Usability testing is key to product quality.

Peter Berrecloth
3 min readSep 3, 2020
“We strive to understand all travellers” is a traveller care principle at Skyscanner
Image from Skyscanner’s Traveller Care Principles

Constant exposure to your customers is key to quality

Most companies nowadays have a mature attitude to data. But I still sometimes hear objections that usability testing is not scientific. Even senior colleagues sometimes voice concerns that usability tests are not “statistically significant”. In an industry where companies live or die by their user experience, these beliefs are really problematic. So let’s deal with this.

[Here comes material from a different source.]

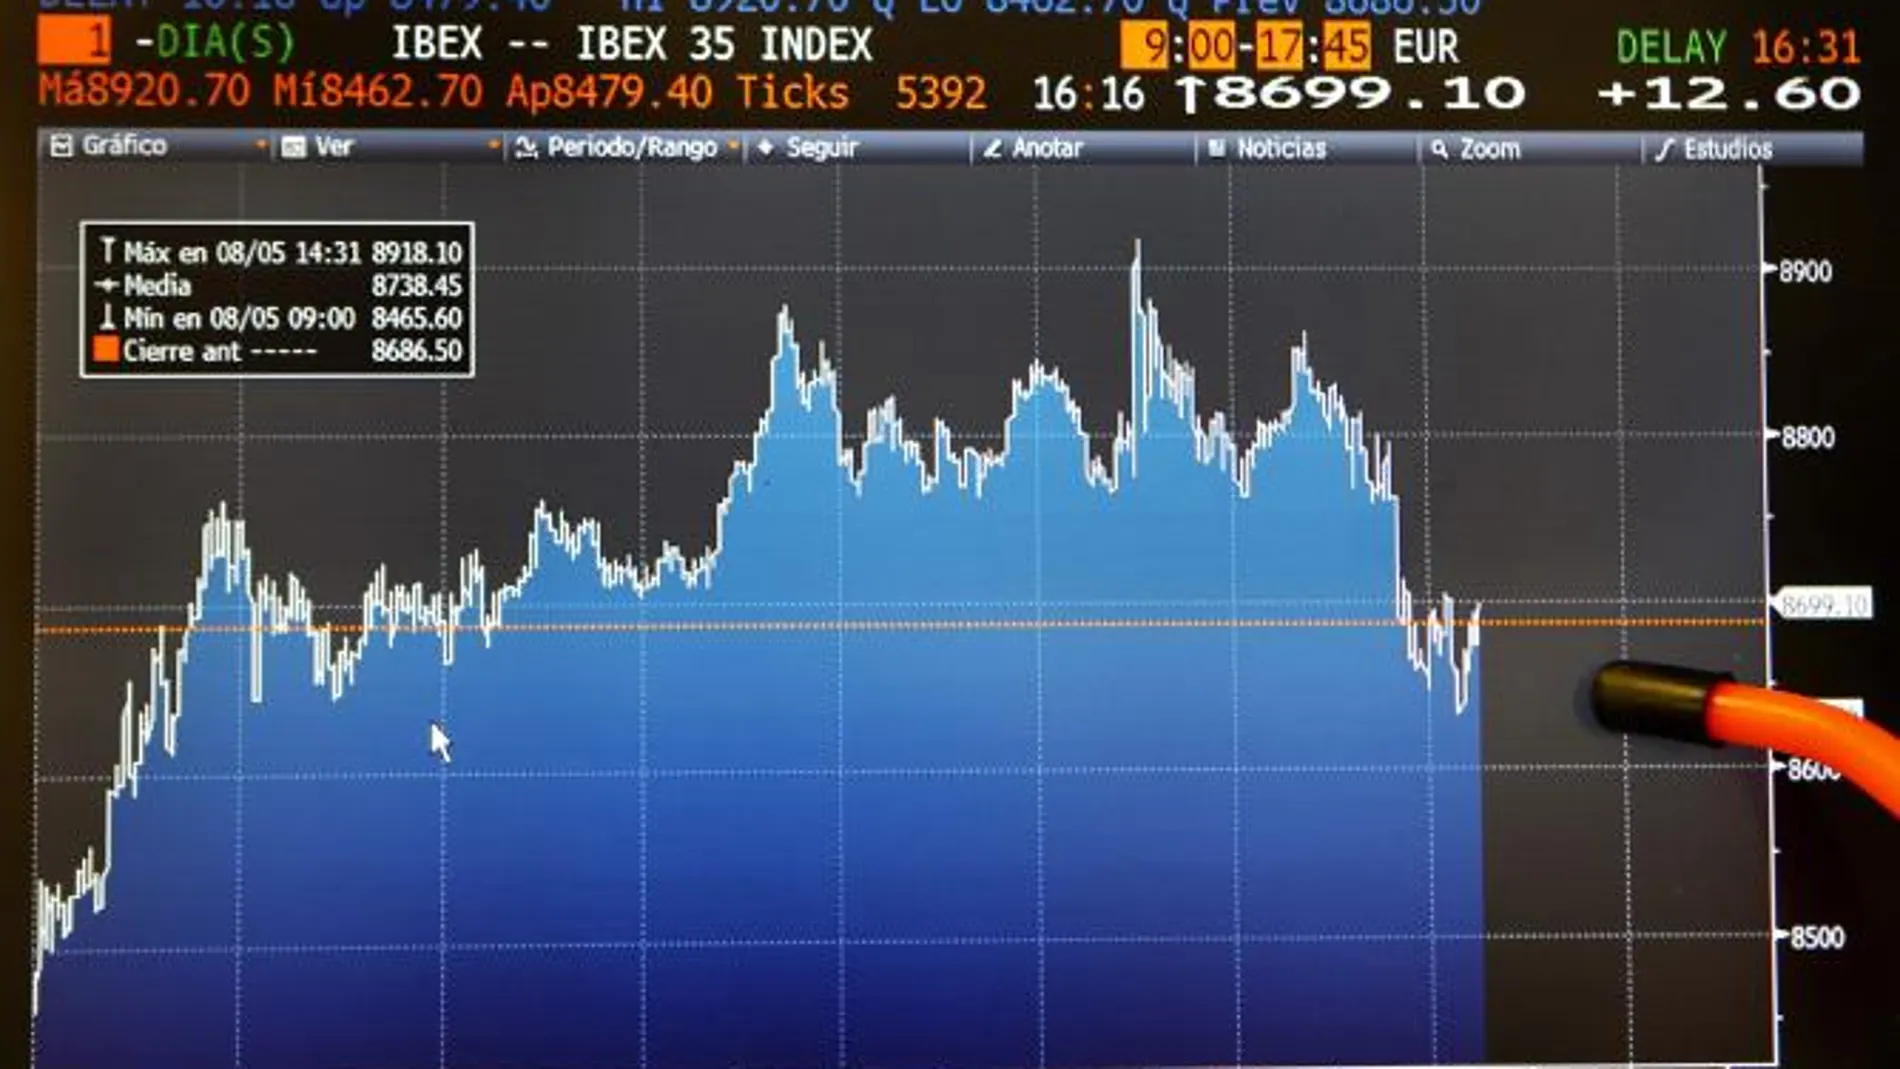 Pantalla que refleja la cotización del selectivo más representativo del mercado español, el IBEX 35, que a las 16:16 horas marcaba un valor de 8699,10 puntos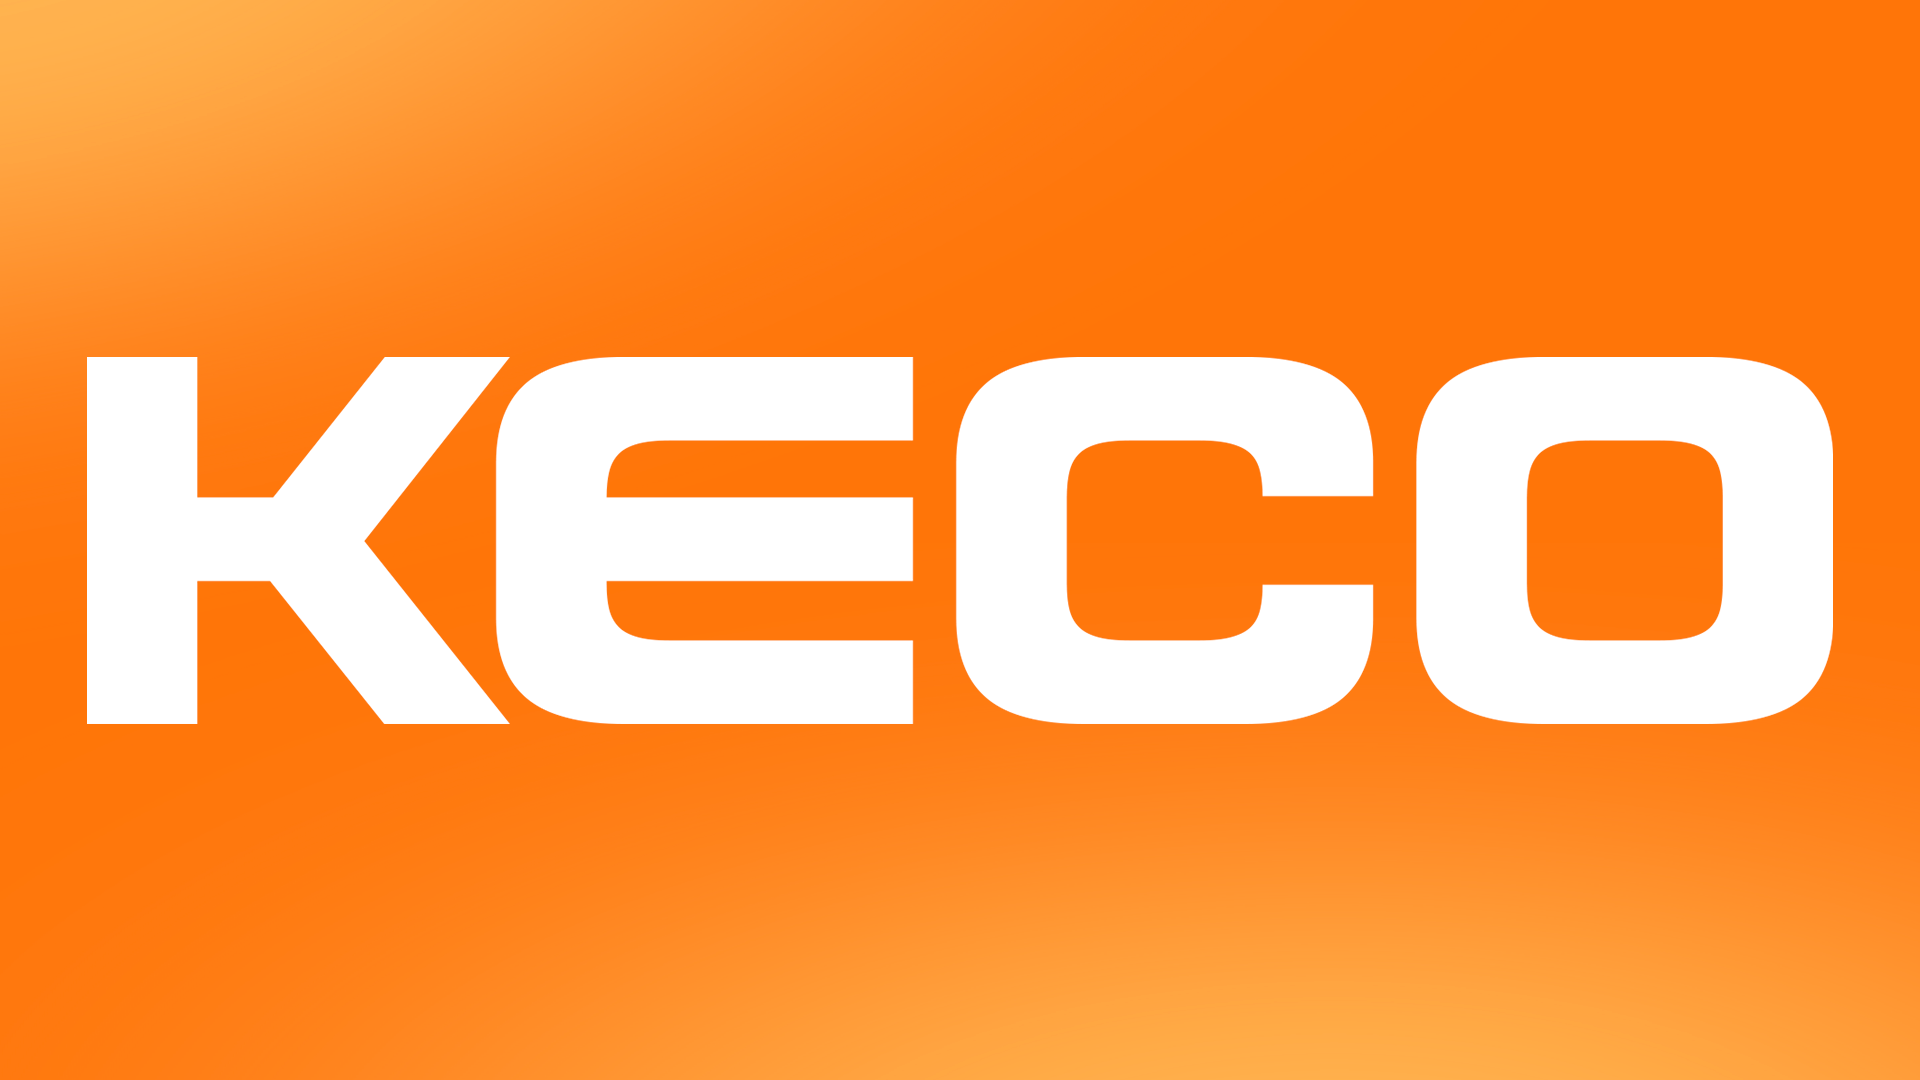 Conoce a Keco, el nuevo socio de Alutal en el segmento de análisis de procesos

“Statistical significance” won’t give you the whole picture

In statistical studies, we need confidence that results are not just random noise. The larger the sample size, the more likely our outcomes had a common underlying effect — significance.

But “significance” is only when something is interesting or important, that is all. Statistical significance does not equal meaning.

Qualitative data can provide insight into what happened and why. So pairing unstructured, qualitative data with quantitative studies can give significance and meaning.

It’s about catching the big fish

We do usability testing to observe user behaviour and find problems. This also helps us see our work through fresh eyes and gives us empathy.

For usability tests, around 15 users is generally considered enough. This is because we are not looking for statistical significance. It’s more like we are fishing for individual problems. Catching even a single problem in a small pool of users is a valuable result. 🐟

Finding a problem in your design means you can eliminate it. Some people call this the design thinking approach, but I prefer calling it the “find and fix” mindset.

Usability testing is about catching the “big fish”. That is, the most frequent problems that most users could encounter. We won’t catch all the problems, but we don’t want to — just the ones that affect most users, because fixing those will have the biggest coverage of users and therefore the highest return on investment.

Graph showing that once over 15 users are tested very few new problems are found (From Nielsen Norman Group)

Source: Nielsen Norman Group

Usability tests aren’t statistically significant, but they are scientific

As you can see above, 15 user tests will ensure we catch 85% of the most common problems that will affect most users. This likelihood is based on “binomial probability”, and has been backed up with 20 years of academic research. You can read more here and here.

Unsurprisingly, you will also see in the chart above that zero users give zero insights. This means you will get far more insight from a 3 person usability study than doing nothing.

(Please note — that what you test really matters. The thought you put into the test affects the quality of the info you get out).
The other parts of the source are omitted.